The doctrine that freed Emilio Botín from the bench has been refined in the last decade and not only by the resolution that gave birth to the doctrine of Juan Mari Atutxa. Already in March 2020 A sentence, with a presentation also by Magro, explained that the Association for the Defense of Consumers and Users (ADICAE) could not exercise the popular accusation alone against the former directors of the Caja de Ahorros del Mediterráneo for the preferred shares. The case had been filed in the National Court applying the Botín doctrine, since neither the Prosecutor’s Office nor the private accusations said otherwise.

That ruling was also forceful, by ensuring that “an enthusiastic amateur defense, exercised by anyone who considers that they should endeavor to neutralize the negligence of the representative and legal defender of the State heritage, cannot be opposed to the professional defense of the public treasury.” . Something similar affirmed when he endorsed in 2010 the file of the case opened against the lehendakaris Patxi López and Juan José Ibarretxe for meeting with former leaders of the outlawed Batasuna during the truce of 2006. The case was archived but the judges recognized the right to Dignity and Justice and the Ermua Forum to push the case alone as popular accusations.

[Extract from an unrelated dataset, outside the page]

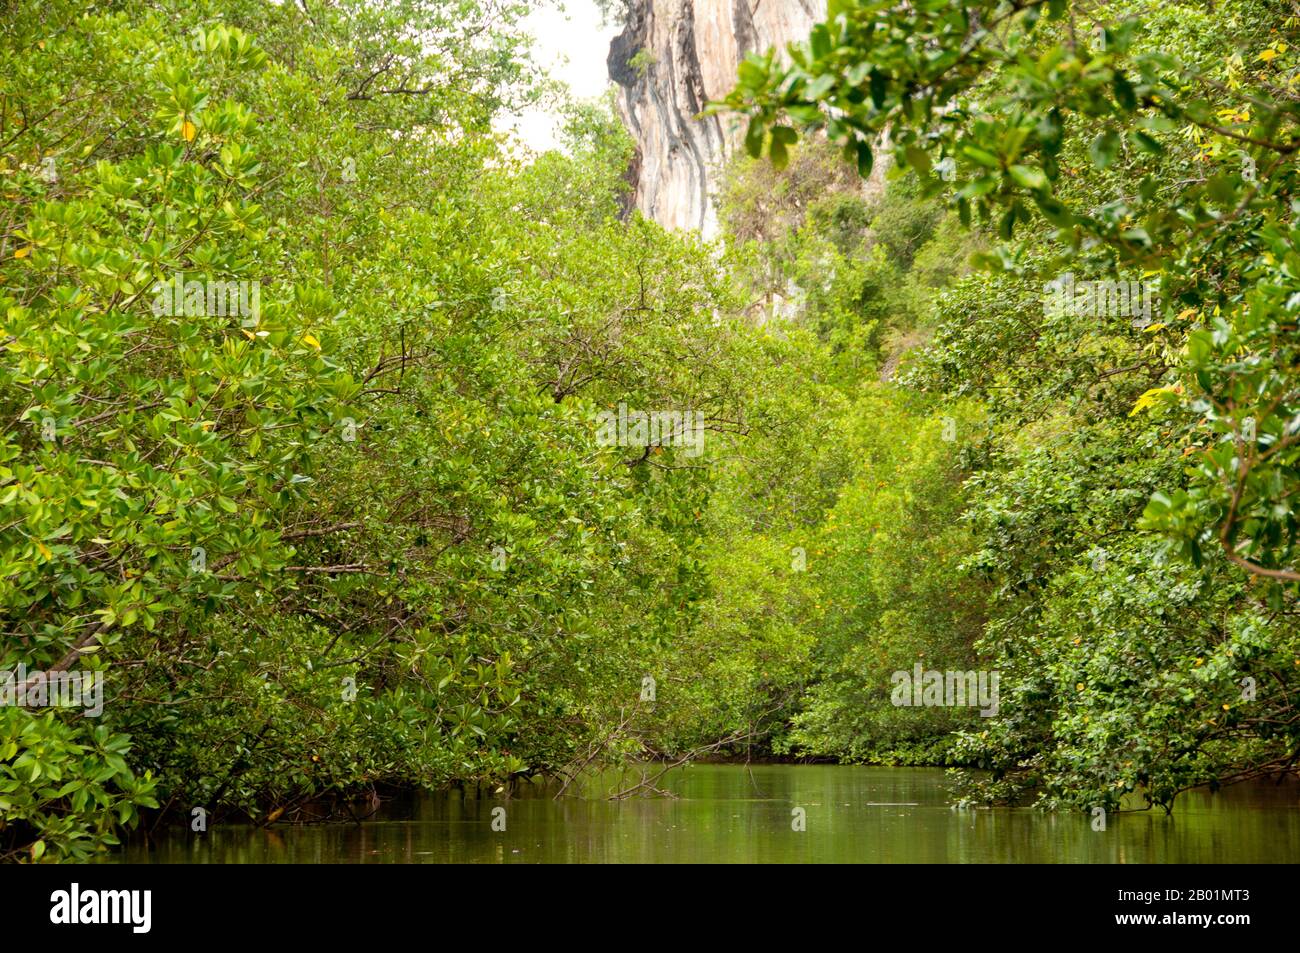 Thailandia: Mangrovie, Than Bokkharani National Park, provincia di Krabi. Il Parco Nazionale di Than Bokkharani si trova nella provincia di Krabi a circa 45 chilometri (28 miglia) a nord-ovest della città di Krabi. Il parco copre un'area di 121 chilometri quadrati (47 miglia quadrate) ed è caratterizzato da una serie di affioramenti calcarei, foreste pluviali sempreverdi, foreste di mangrovie, torbiere e molte isole. Ci sono anche numerose grotte e complessi rupestri con alcune spettacolari stalagmiti e stalattiti. Il Bokkharani è incentrato su due famose grotte, Tham Lot e Tham Phi Hua. Foto Stock

In this case, the alleged crime was committed against minors and that opens the door to popular accusations, qualifying what the Supreme Court itself said in 2018 when the judges slightly lowered the sentence of Iñaki Urdangarin for the ‘Noós case’. In that ruling, the Supreme Court had to examine the role as a popular accusation of Clean Hands and said, among other things, that cases involving crimes against sexual freedom had “specific victims”, implying that in those cases the doctrine can be applied. Booty.

A doctrine that has just received a new nuance with this resolution of the Supreme Court, which opens the door for this type of crime to be prosecuted at the request of a popular prosecution if there are minors affected. None of the magistrates who signed this ruling was part of the criminal plenary session that laid the foundations of the Botín doctrine in 2007.